EXERCISE: An exact restatement of all the data is required, with the pictures left out.

SOURCE MATERIAL:
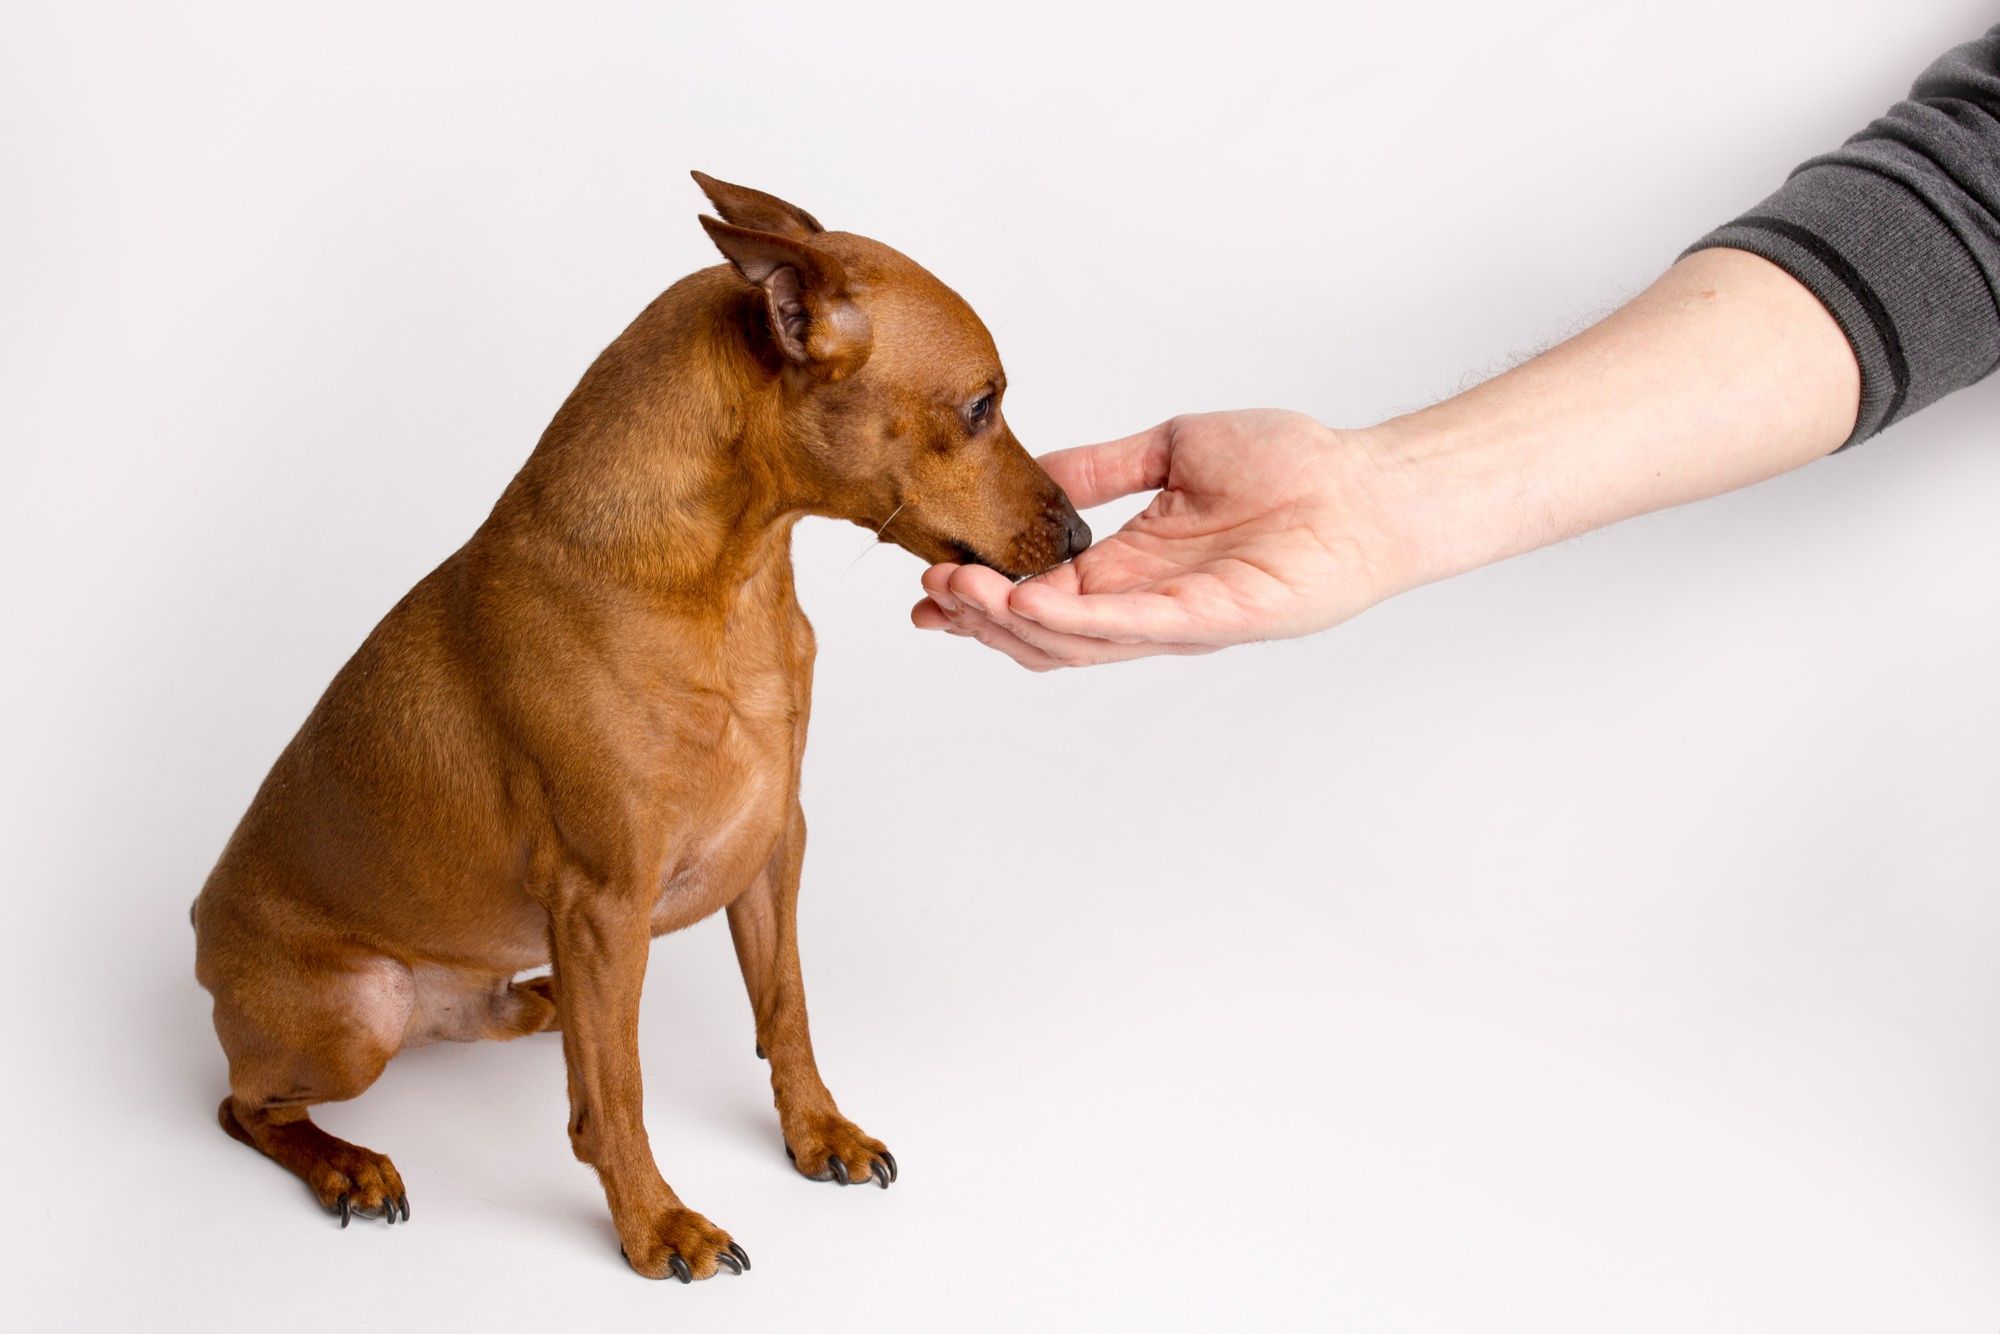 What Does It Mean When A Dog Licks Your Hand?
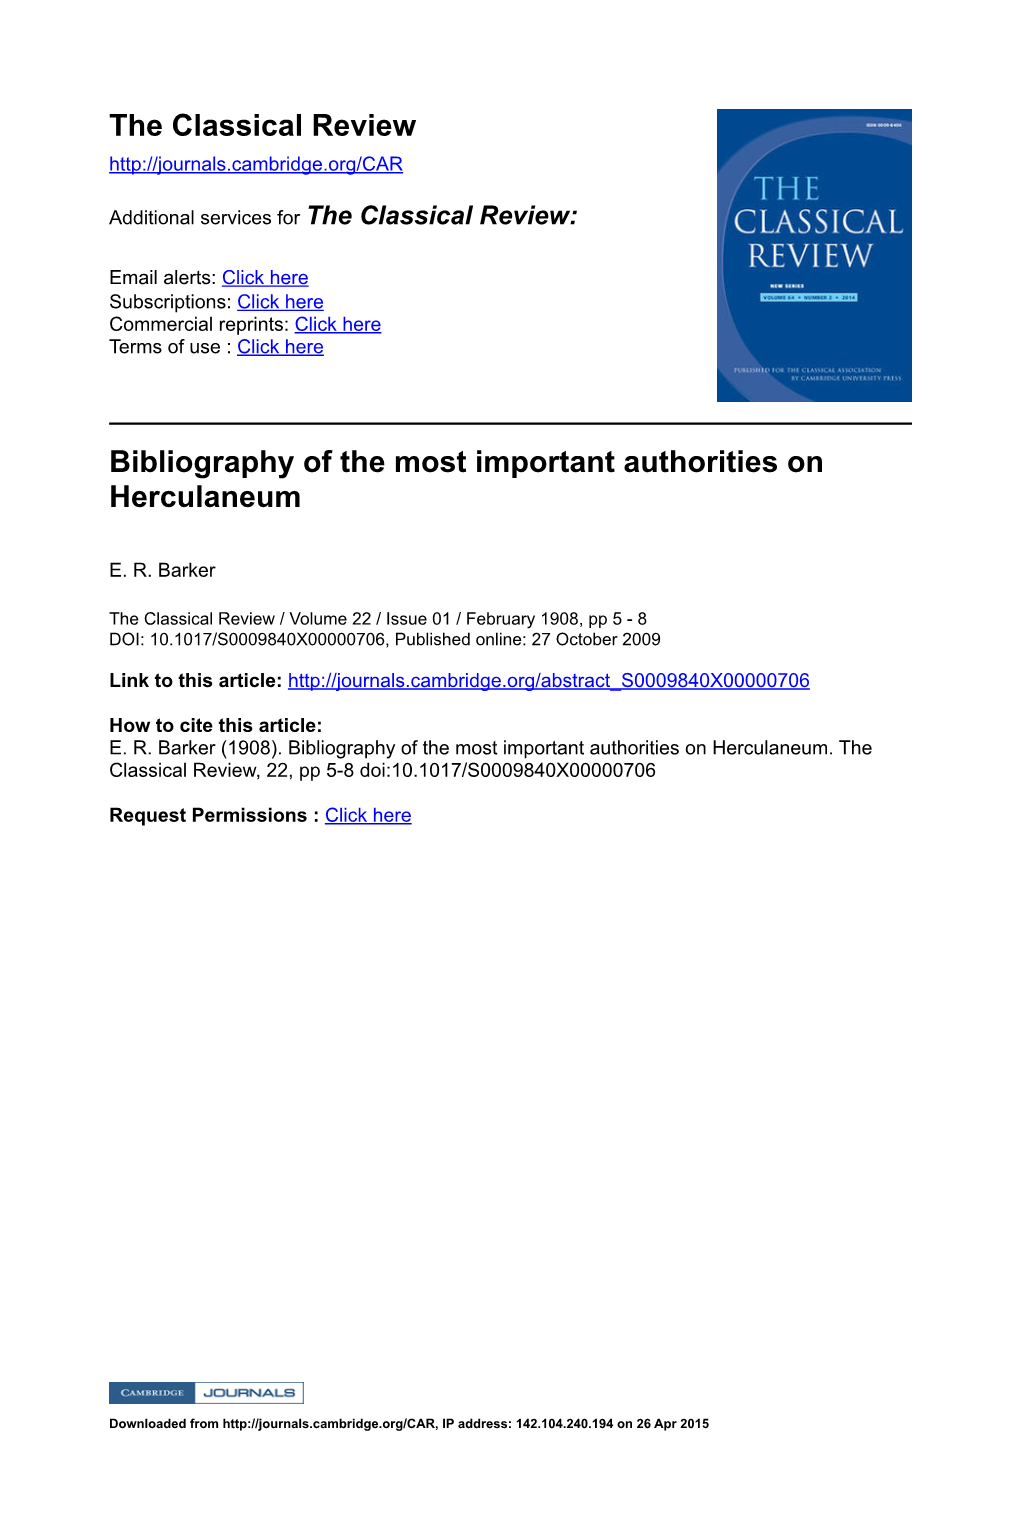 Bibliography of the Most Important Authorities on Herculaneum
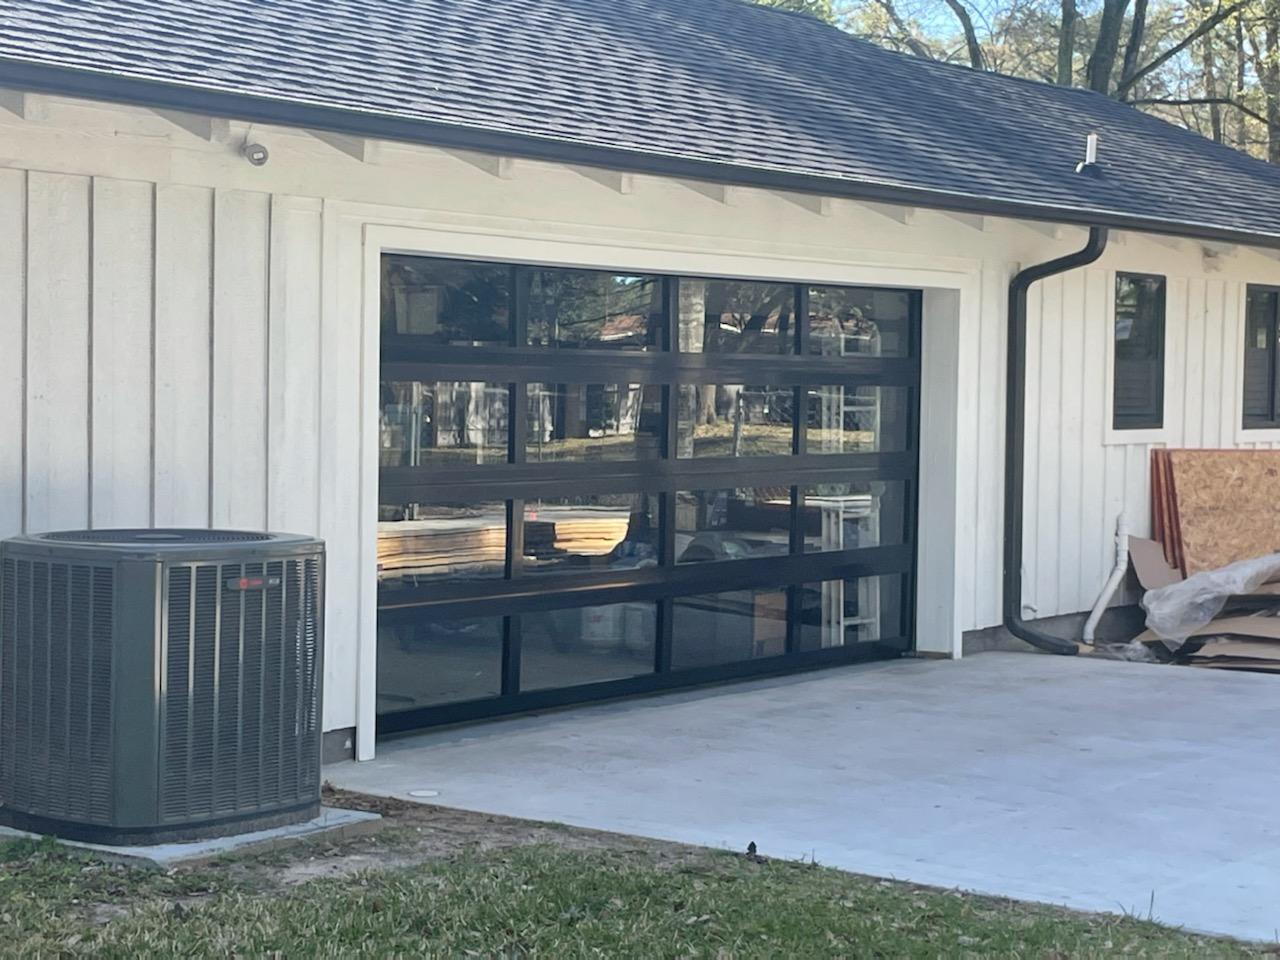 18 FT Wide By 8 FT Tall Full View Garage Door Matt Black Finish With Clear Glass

EXERCISE RESULT:
 What Does It Mean When A Dog Licks Your Hand?
 Bibliography of the Most Important Authorities on Herculaneum
 18 FT Wide By 8 FT Tall Full View Garage Door Matt Black Finish With Clear Glass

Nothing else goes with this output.